Karol Wasiek: Podpisałeś kontrakt z Asseco Gdynia w trakcie sezonu. Czy z perspektywy czasu to była dobra decyzja?
Ovidijus Galdikas: Myślę, że jak najbardziej. Miałem zapewnienie, że dostanę sporo minut i tak też się stało. W spokoju mogłem odbudować swoje zdrowie, jak i formę koszykarską. Cieszę się, że trener Dedek zaufał mi i pod koniec byłem ważną postacią w zespole.
Czyli kontraktu z Asseco nie żałujesz w żadnym stopniu?
- Jestem bardzo szczęśliwy z tego powodu, że trafiłem akurat do takiej drużyny jak Asseco Gdynia.
[ad=rectangle]
Ponieważ?
- Tutaj musiałbym wrócić do historii, która miała miejsce przed podpisaniem kontraktu. Do Gdyni przyjeżdżałem z kontuzją żeber, ale w klubie nie robili z tego problemu. Dali mi czas, żebym się odbudował i nabrał odpowiedniej dyspozycji. Wiadomo, że trochę to trwało, ale wreszcie złapałem dobrą formę i pokazałem, że mogę z powodzeniem sobie radzić w polskiej lidze.
W ćwierćfinałowych meczach ze Stelmetem Zielona Góra pokazałeś, że możesz z powodzeniem dominować w strefie podkoszowej!
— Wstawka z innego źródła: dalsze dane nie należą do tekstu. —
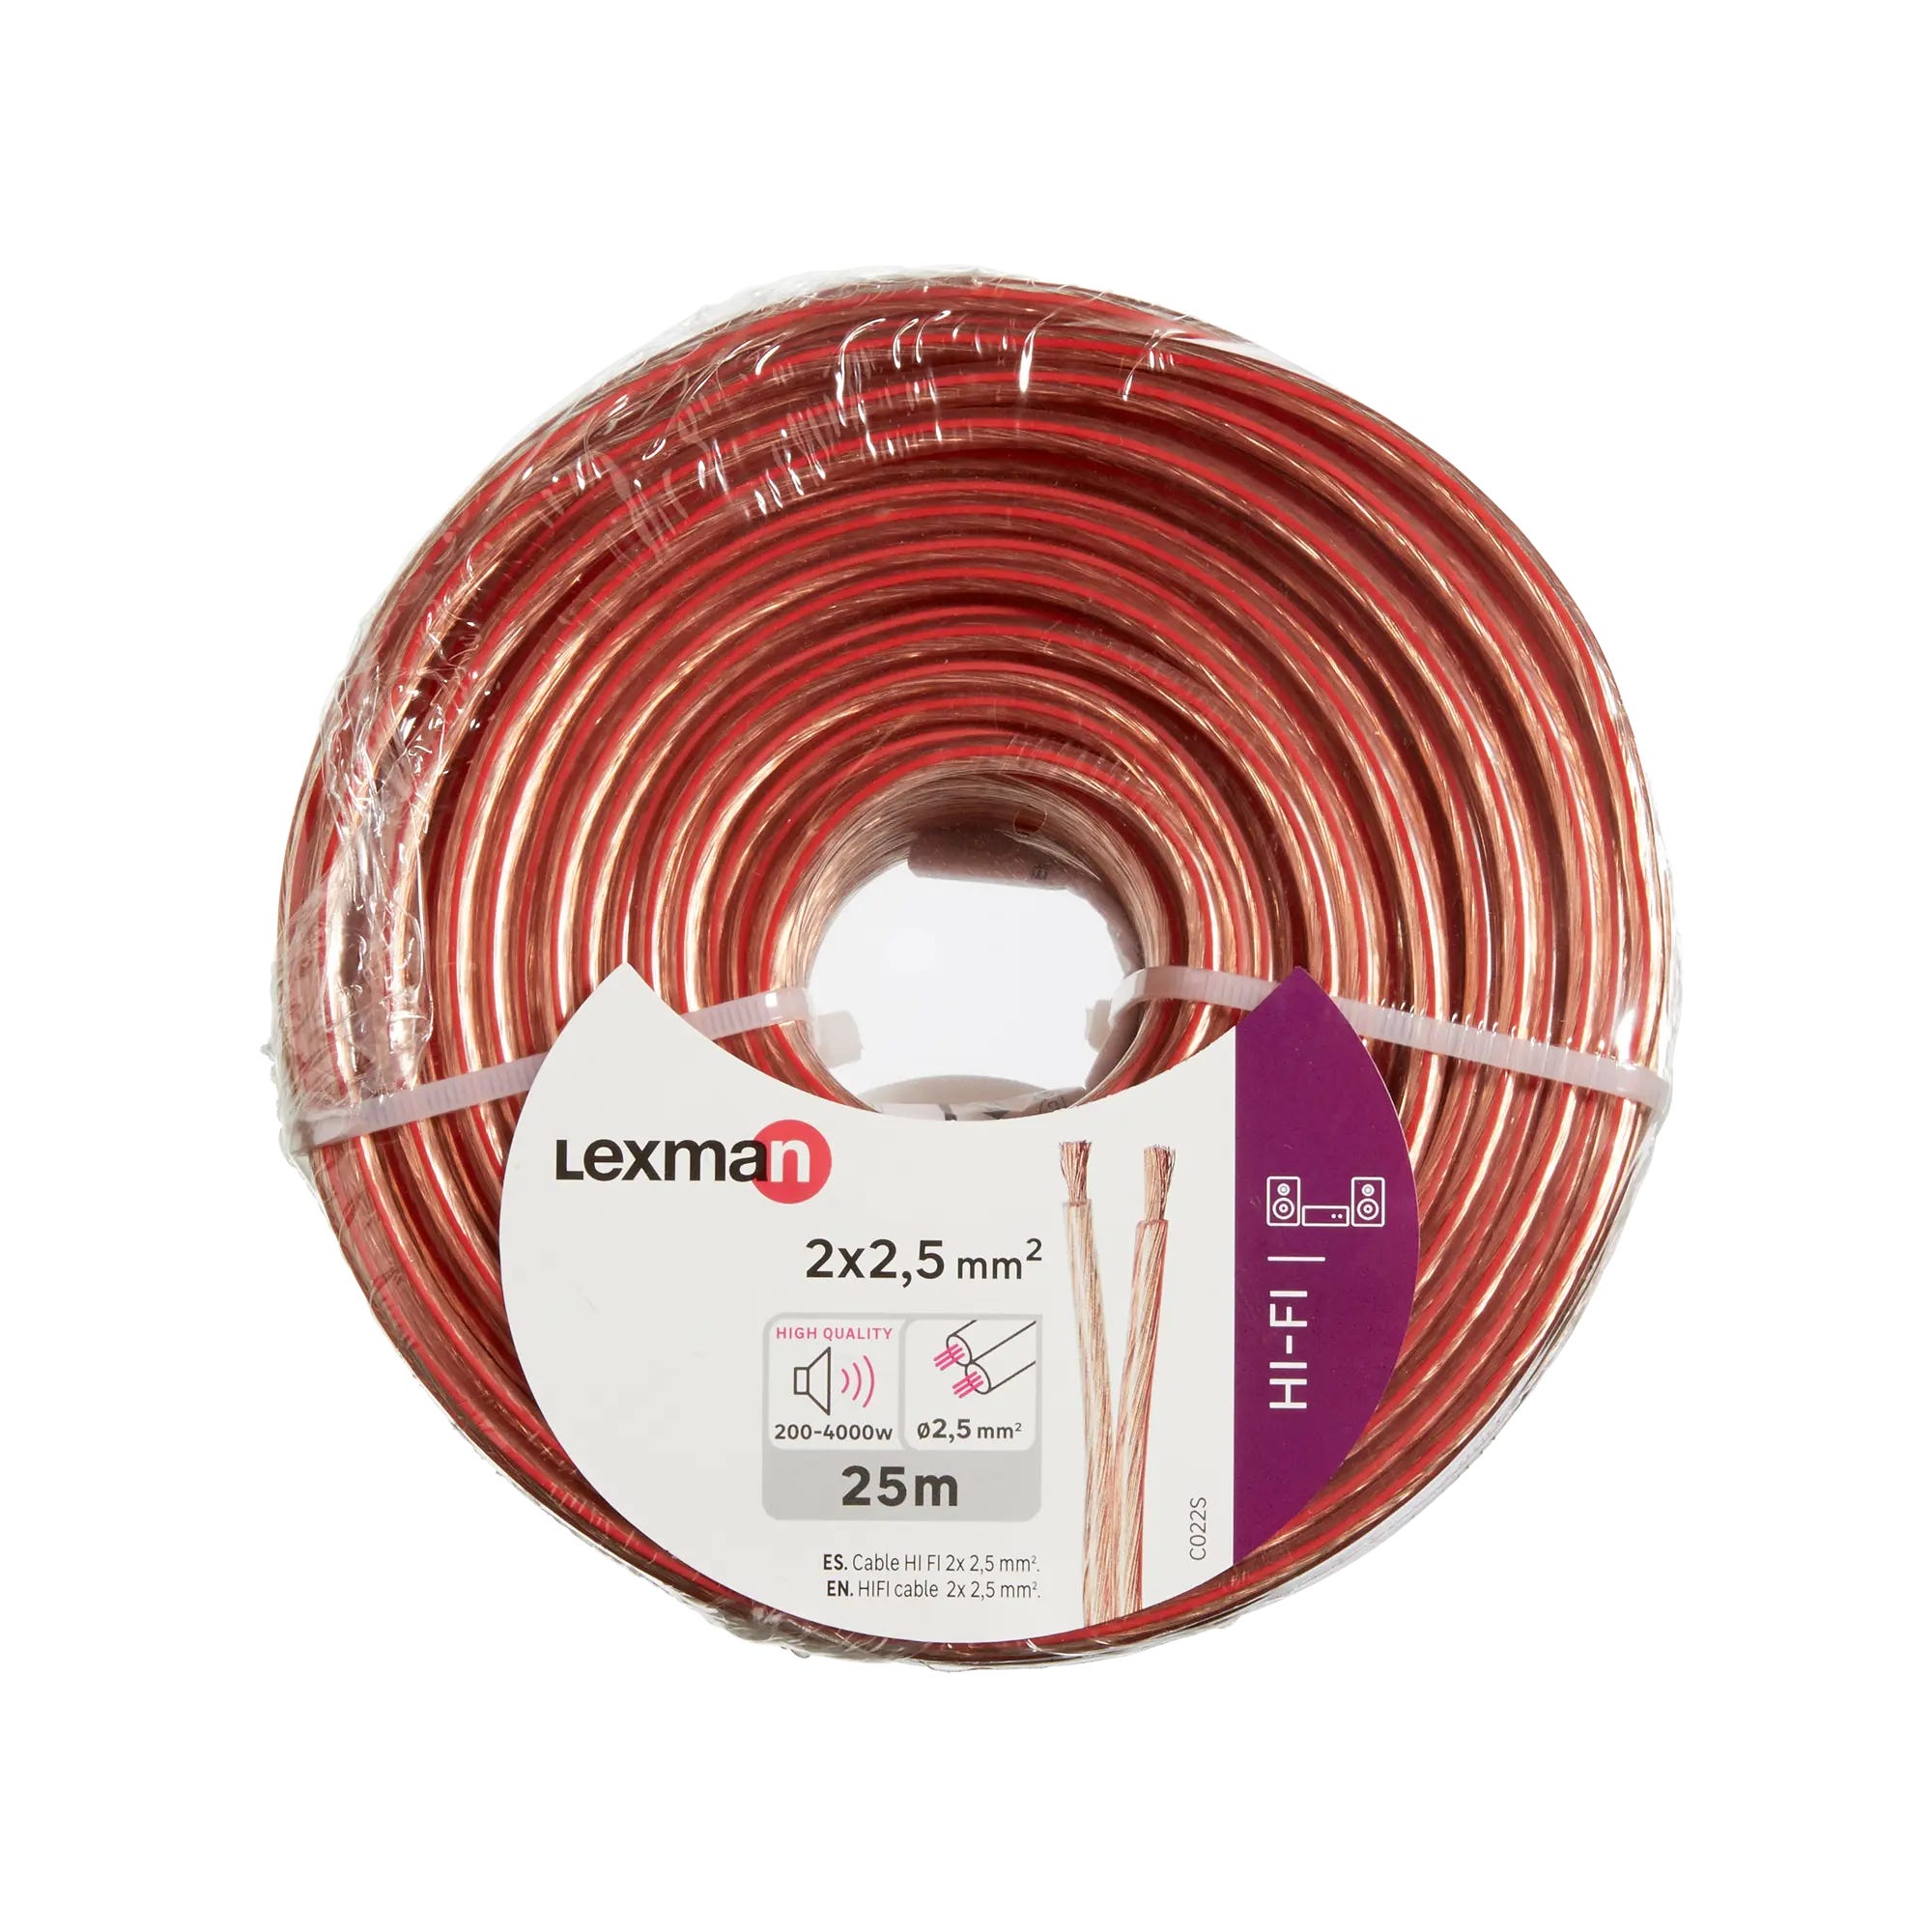 Cable para altavoz 2x 4 mm 10 M rojo-negro

- Trzeba sobie powiedzieć, że to była naprawdę dobra seria dla mnie, jak i drużyny. Co prawda przegraliśmy, ale pokazaliśmy się z naprawdę dobrej strony. Co do mojej postawy - to uważam, że po prostu odwdzięczyłem się trenerom za zaufanie, którym mnie obdarzyli. Moje dobre wyniki są połączeniem ciężkiej pracy, jak i wspomnianego wcześniej zaufania. Pokazałem, że drzemie we mnie duży potencjał.
Jak w ogóle oceniasz ten sezon w wykonaniu drużyny?
- Zrobiliśmy kawał dobrej roboty. Nikt się nie spodziewał tego, że awansujemy do play-offów, a tymczasem nam udało się tego dokonać, mimo że nie było łatwo. Aczkolwiek uważam, że stać nas było na jeszcze lepszą grę w play-offach. Byliśmy naprawdę blisko odniesienia drugiego zwycięstwa przeciwko Stelmetowi i przeniesieniu rywalizacji do Zielonej Góry.
Jak ocenisz poziom rozgrywek?
- Uważam, że w tej lidze mogę podnosić swoje umiejętności. Jest wiele wyrównany drużyn, z którymi trzeba prowadzić zacięte boje. Aczkolwiek im wyższy poziom rozgrywek, tym łatwiej jest czegoś się nauczyć.
A jak czułeś się w Trójmieście?
- Bardzo dobrze! Jestem zdania, że trafiłem do jednego z piękniejszych miejsc w Polsce. To sama przyjemność grać w takim mieście!
Zostajesz na kolejny sezon?
- Tak. Chcę tutaj zostać i poprawiać swoje umiejętności.